#### What the exercise asks
After locating the line that contains "Zieglerova polární expedice, 1905" in the records below, write out exactly that line and each line after it through the one that contains "Cartier 4P Diamond Ring 750 (PG) 3.8g 48 G", and nothing else.

#### Given records

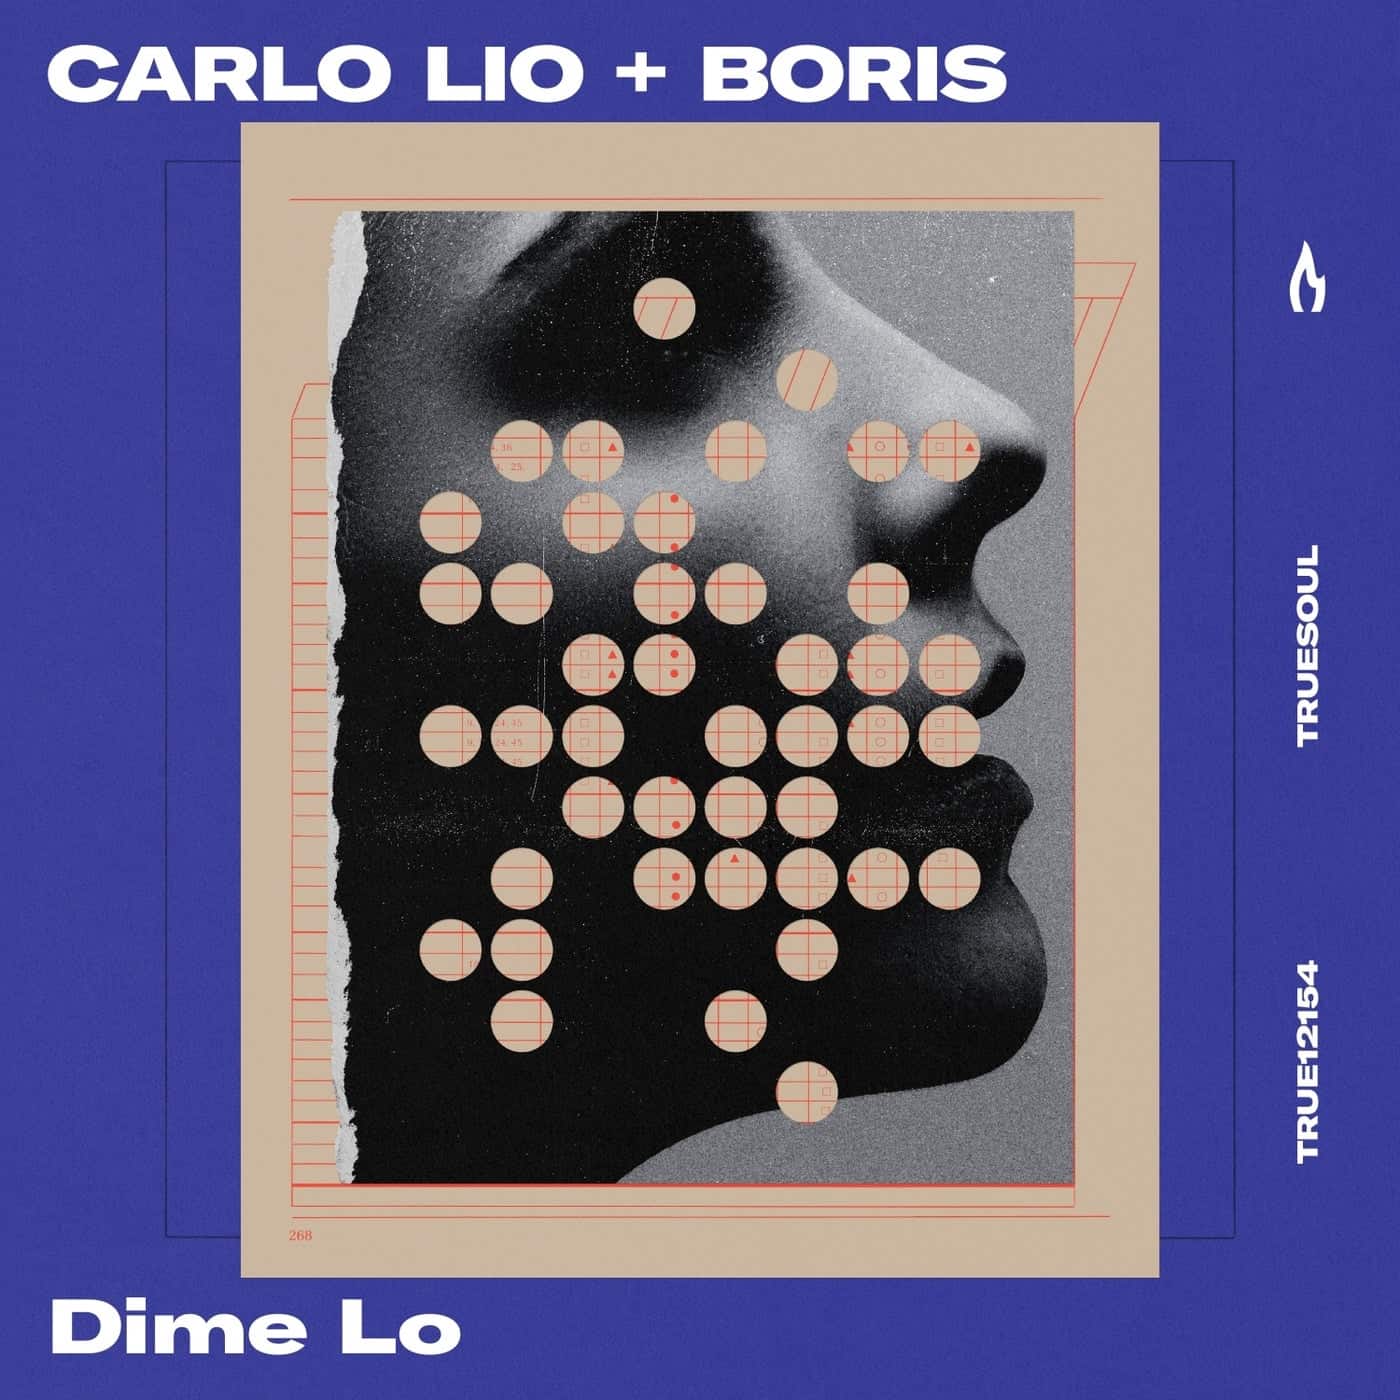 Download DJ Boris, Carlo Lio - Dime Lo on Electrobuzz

--

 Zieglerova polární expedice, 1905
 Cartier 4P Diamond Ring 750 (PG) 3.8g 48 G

#### Reply
 Zieglerova polární expedice, 1905
 Cartier 4P Diamond Ring 750 (PG) 3.8g 48 G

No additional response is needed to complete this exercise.